I'm positive I've said this at least once before while reviewing this
patch, and I think more than once: we should be trying to build a
general progress-reporting facility here with vacuum as the first
user.  Therefore, for example, pg_stat_get_progress_info's output
columns should have generic names, not names specific to VACUUM.
pg_stat_vacuum_progress can alias them to a vacuum-specific name.  See
for example the relationship between pg_stats and pg_statistic.
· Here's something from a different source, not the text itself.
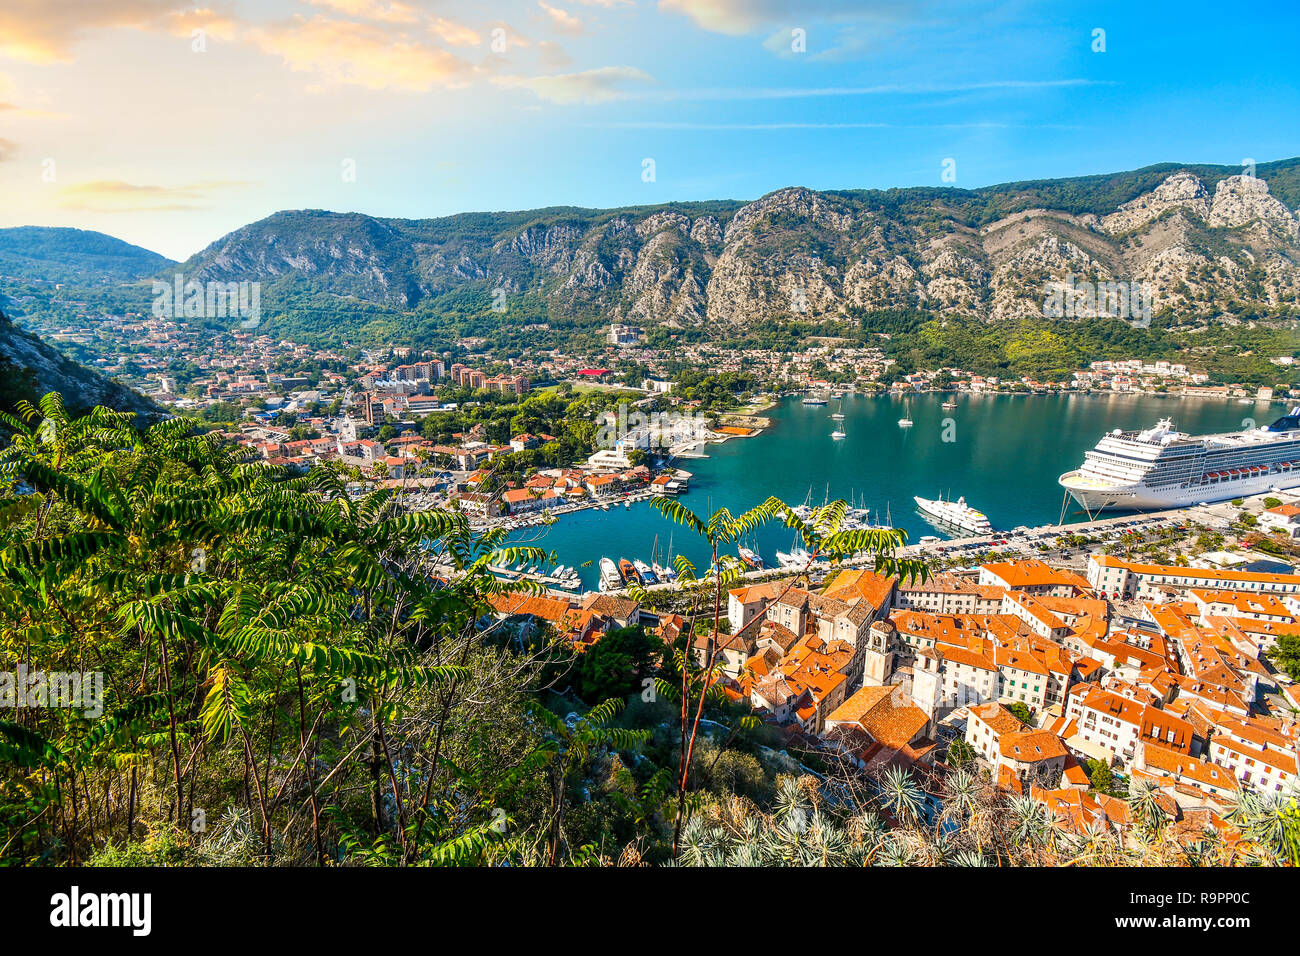 Ein Kreuzfahrtschiff ist von den Kotor Burgruinen gesehen, wie das in der Bucht von Kotor, Bucht, an der adriatischen Küste von Kotor, Montenegro Stockfoto

I think VACUUM should have three phases, not two.  lazy_vacuum_index()
and lazy_vacuum_heap() are lumped together right now, but I think they
shouldn't be.

Please create named constants for the first argument to
pgstat_report_progress_update_counter(), maybe with names like
PROGRESS_VACUUM_WHATEVER.

+               /* Update current block number of the relation */
+               pgstat_report_progress_update_counter(2, blkno + 1);

Why + 1?

I thought we had a plan to update the counter of scanned index pages
after each index page was vacuumed by the AM.  Doing it only after
vacuuming the entire index is much less granular and generally less
useful.   See http://www.postgresql.org/message-id/56500356.4070101@BlueTreble.com

+               if (blkno == nblocks - 1 &&
vacrelstats->num_dead_tuples == 0 && nindexes != 0
+                       && vacrelstats->num_index_scans == 0)
+                       total_index_pages = 0;

I'm not sure what this is trying to do, perhaps because there is no
comment explaining it.  Whatever the intent, I suspect that such a
complex test is likely to be fragile.  Perhaps there is a better way?

-- 
Robert Haas
EnterpriseDB: http://www.enterprisedb.com
The Enterprise PostgreSQL Company

Re: [PROPOSAL] VACUUM Progress Checker.

From

Amit Langote

Date:

05 March 2016, 07:24:41

On Sat, Mar 5, 2016 at 7:11 AM, Robert Haas <robertmhaas@gmail.com> wrote:
> On Fri, Feb 26, 2016 at 3:28 AM,  <pokurev@pm.nttdata.co.jp> wrote:
>> Thank you for your comments.
>> Please find attached patch addressing following comments.
>
> I'm positive I've said this at least once before while reviewing this
> patch, and I think more than once: we should be trying to build a
> general progress-reporting facility here with vacuum as the first
> user.  Therefore, for example, pg_stat_get_progress_info's output
> columns should have generic names, not names specific to VACUUM.
> pg_stat_vacuum_progress can alias them to a vacuum-specific name.  See
> for example the relationship between pg_stats and pg_statistic.
>
> I think VACUUM should have three phases, not two.  lazy_vacuum_index()
> and lazy_vacuum_heap() are lumped together right now, but I think they
> shouldn't be.
>
> Please create named constants for the first argument to
> pgstat_report_progress_update_counter(), maybe with names like
> PROGRESS_VACUUM_WHATEVER.
>
> +               /* Update current block number of the relation */
> +               pgstat_report_progress_update_counter(2, blkno + 1);
>
> Why + 1?
>
> I thought we had a plan to update the counter of scanned index pages
> after each index page was vacuumed by the AM.  Doing it only after
> vacuuming the entire index is much less granular and generally less
> useful.   See http://www.postgresql.org/message-id/56500356.4070101@BlueTreble.com
>
> +               if (blkno == nblocks - 1 &&
> vacrelstats->num_dead_tuples == 0 && nindexes != 0
> +                       && vacrelstats->num_index_scans == 0)
> +                       total_index_pages = 0;
>
> I'm not sure what this is trying to do, perhaps because there is no
> comment explaining it.  Whatever the intent, I suspect that such a
> complex test is likely to be fragile.  Perhaps there is a better way?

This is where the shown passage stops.